RECORDED DATA -
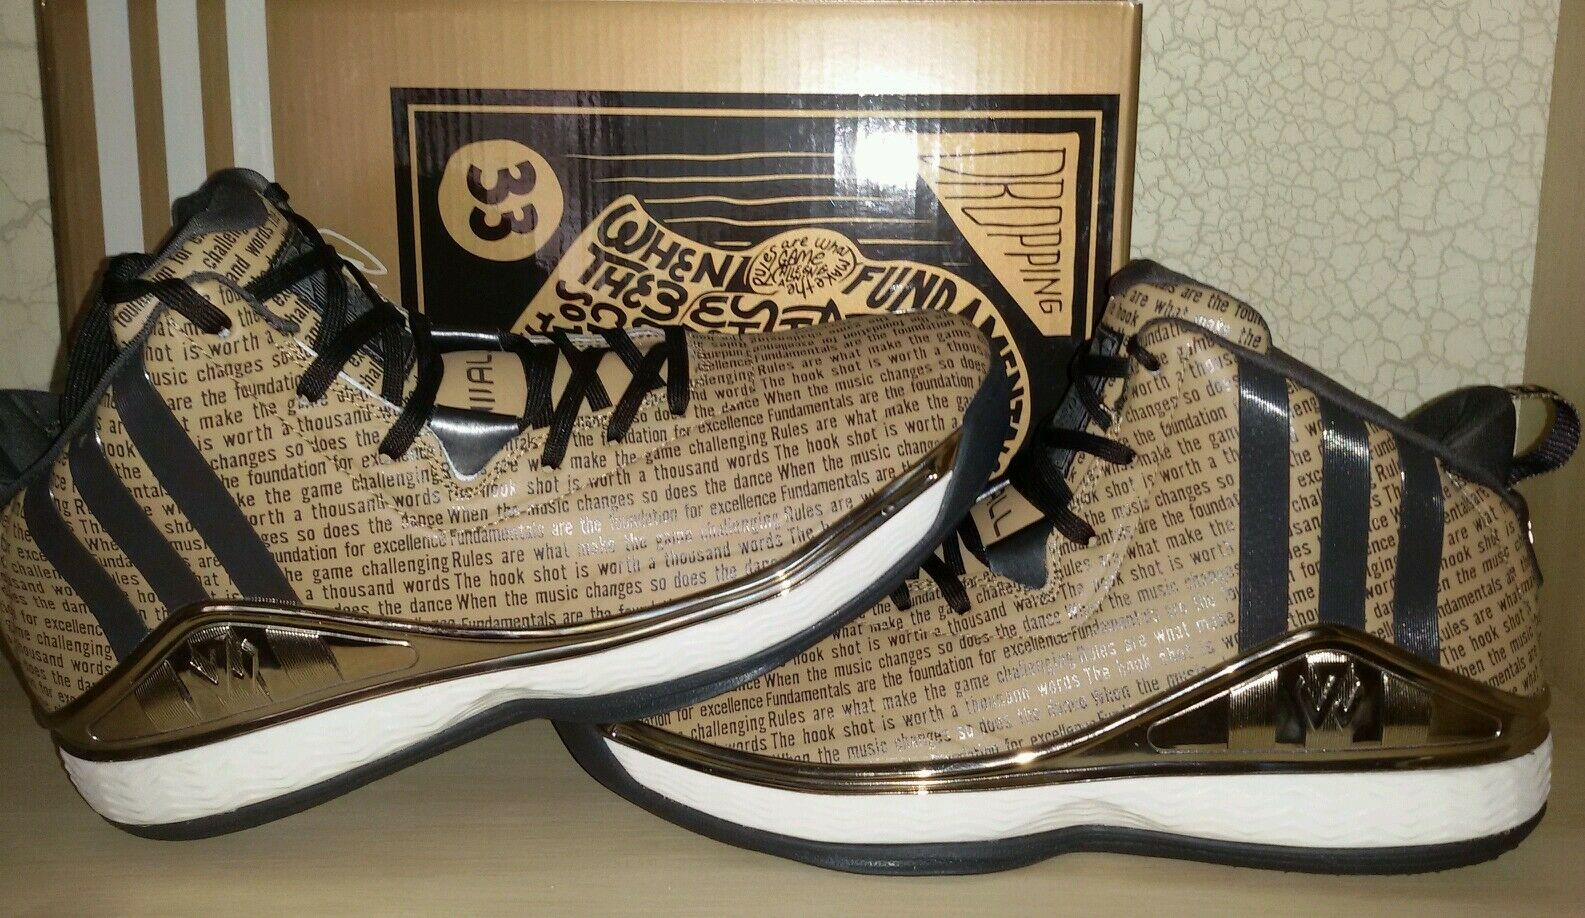 sports shoes 4b998 6d92b discount code for adidas mann blau adidas braun af3c06 107cb deb92  hot  adidas john wall 1 bhm schwarz history month bhm 1 karton braun d68946 j e  rose
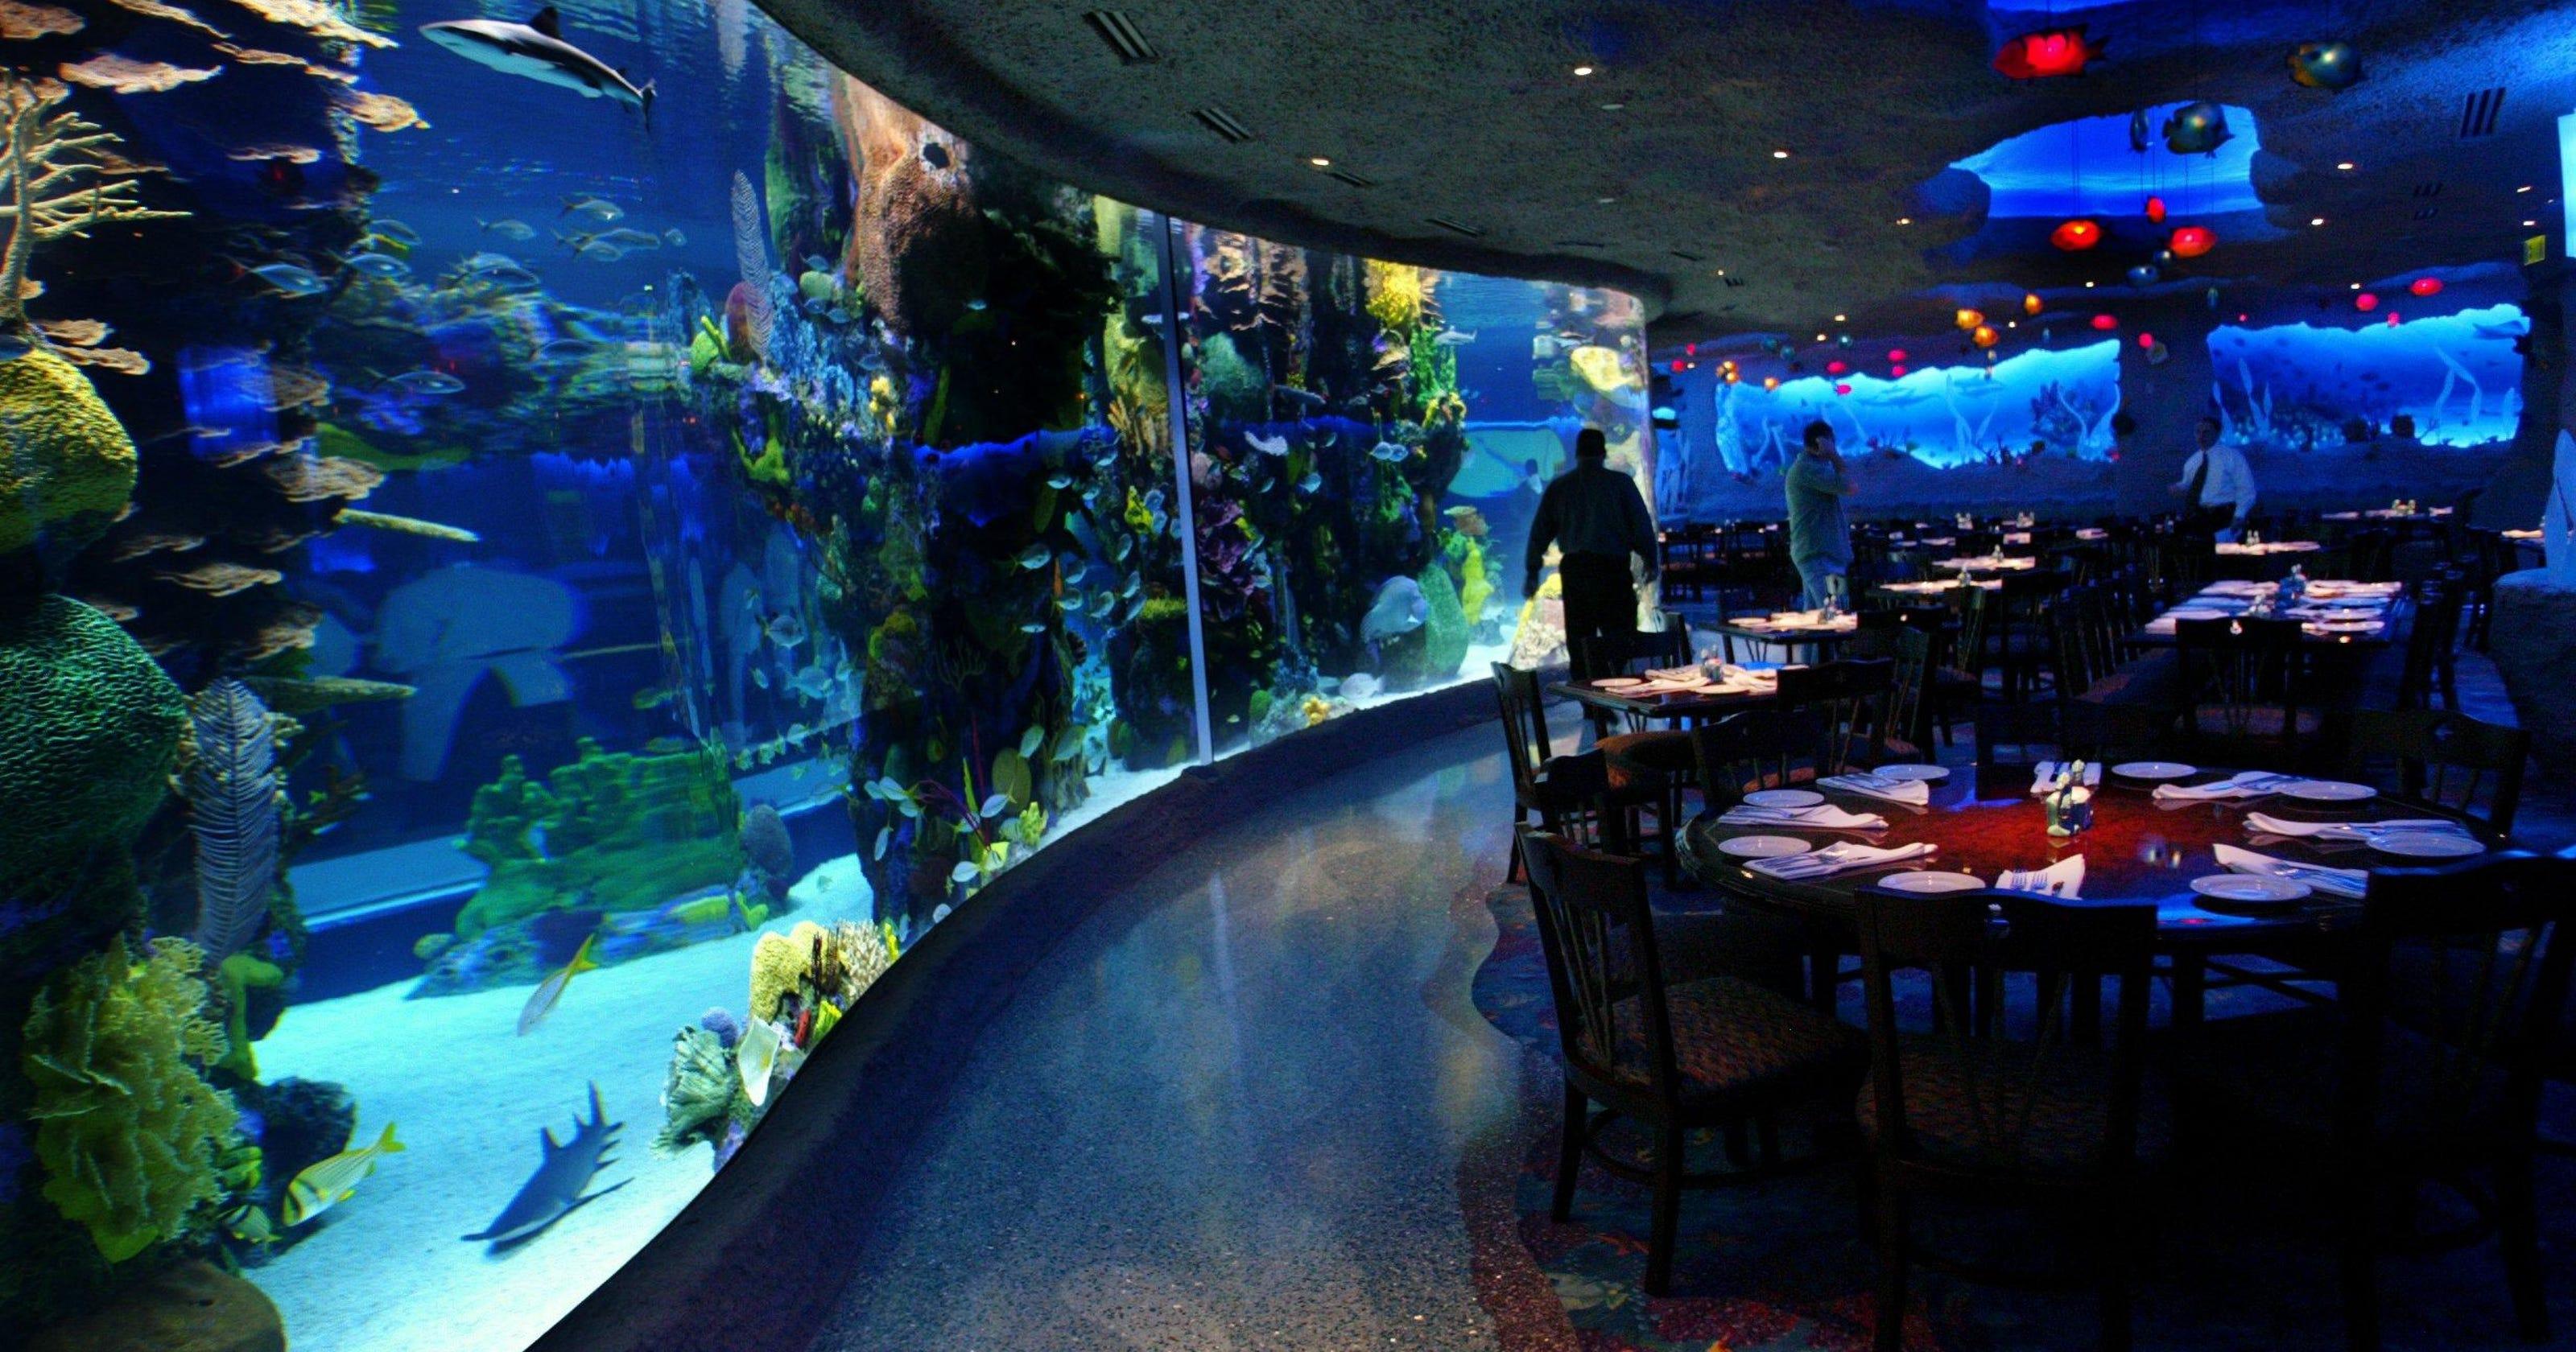 Kristen Kindoll: Aquarium staffers bond with animals
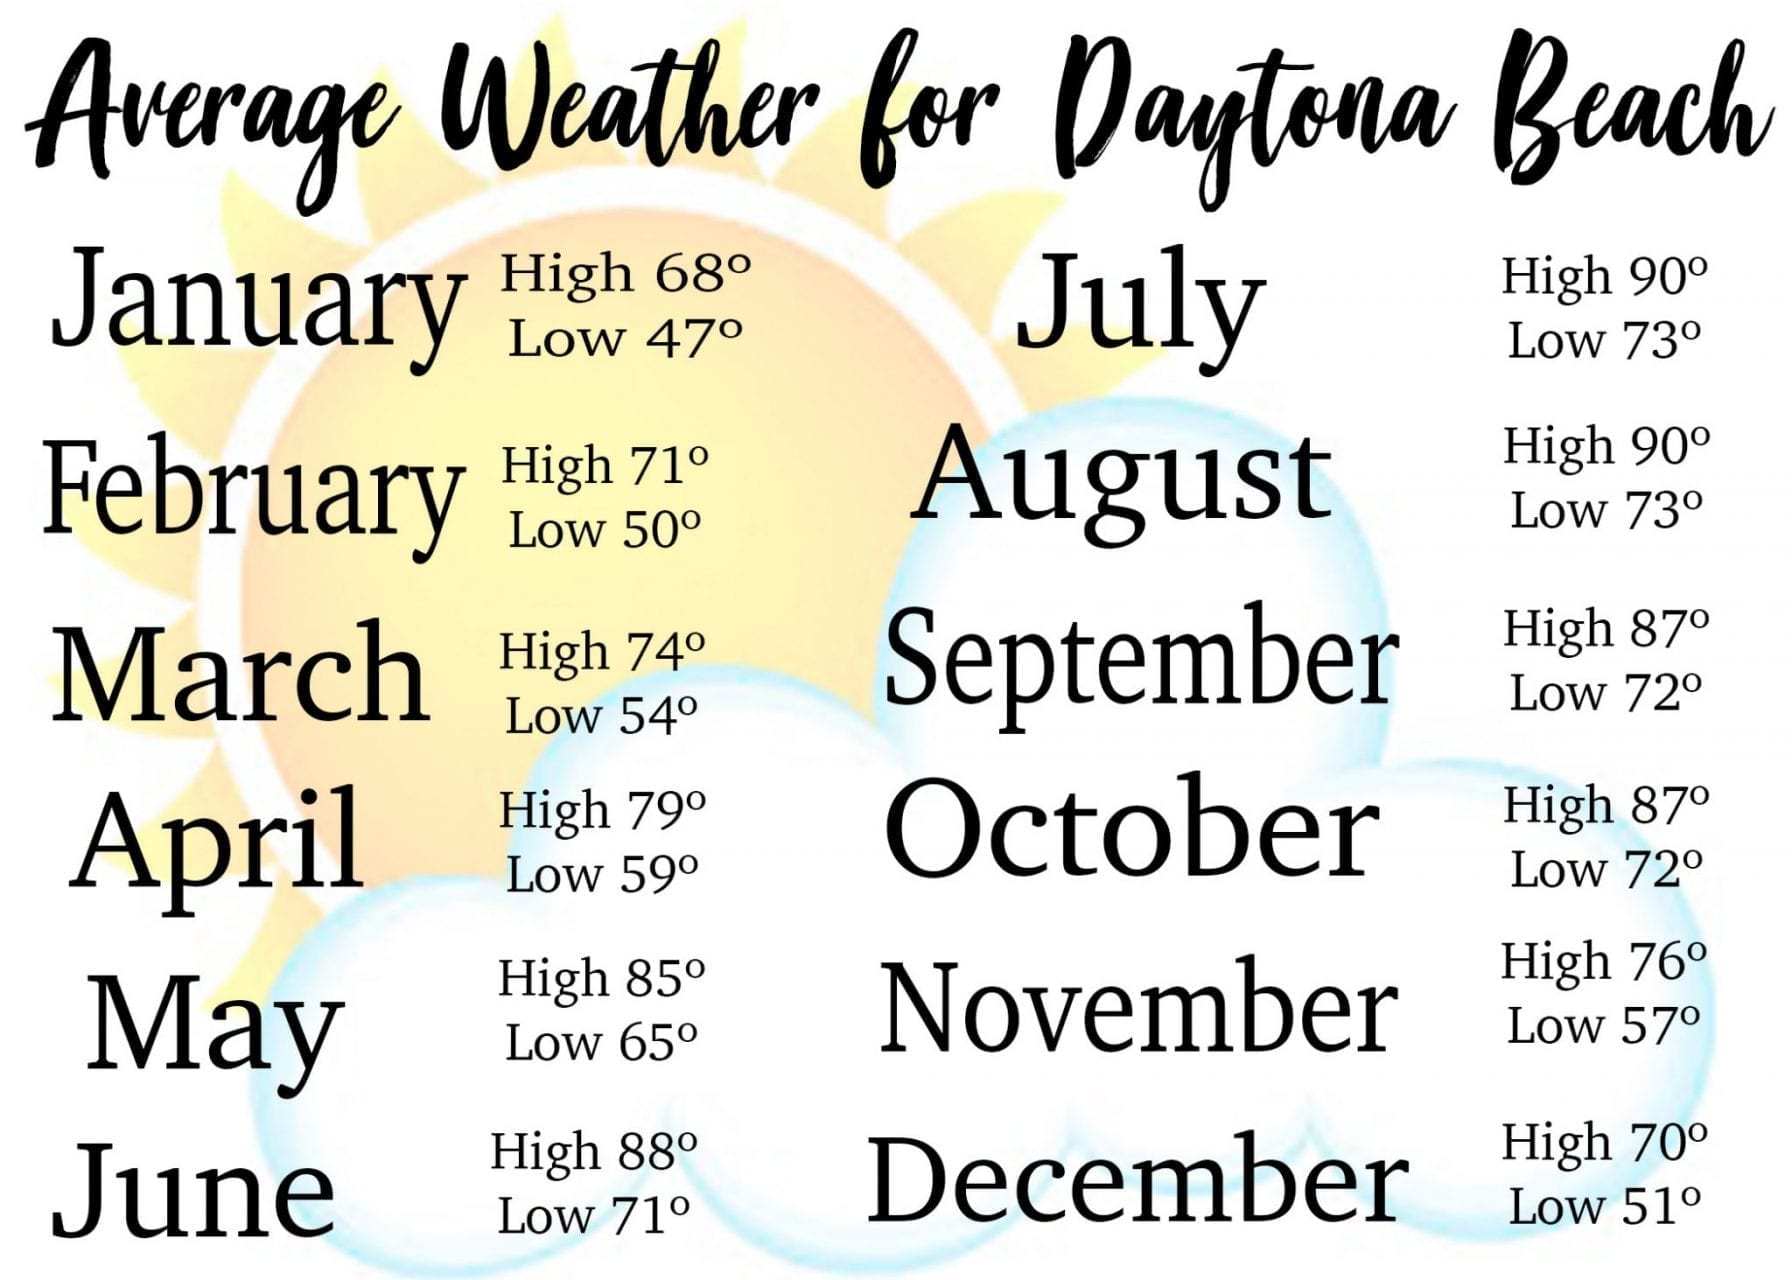 Daytona Beach average weather temperatures
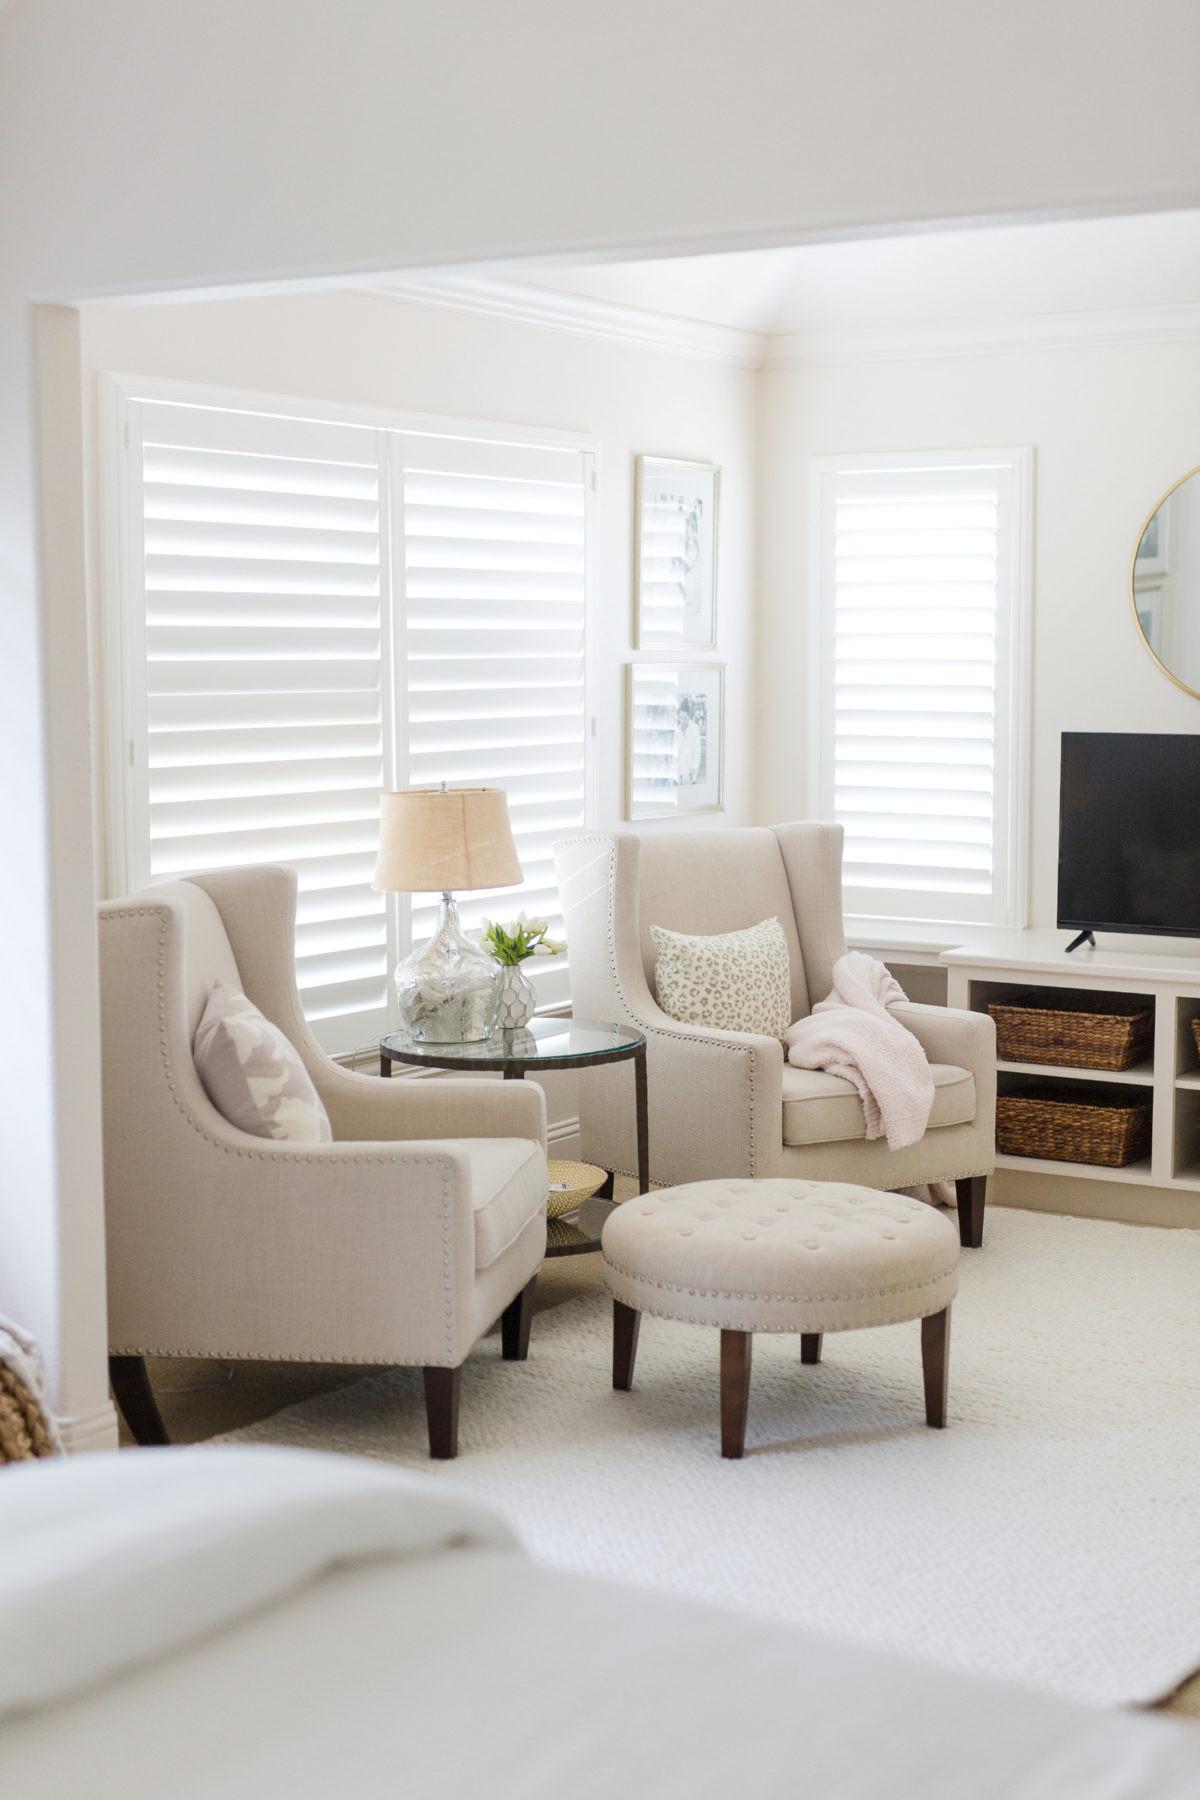 Master Bedroom Sitting area Best Of Master Bedroom Sitting area Update

WHAT YOU NEED TO DO - Your reply should hold every line of the material, unaltered, and not one picture.

ANSWER SPACE -
 sports shoes 4b998 6d92b discount code for adidas mann blau adidas braun af3c06 107cb deb92  hot  adidas john wall 1 bhm schwarz history month bhm 1 karton braun d68946 j e  rose
 Kristen Kindoll: Aquarium staffers bond with animals
 Daytona Beach average weather temperatures
 Master Bedroom Sitting area Best Of Master Bedroom Sitting area Update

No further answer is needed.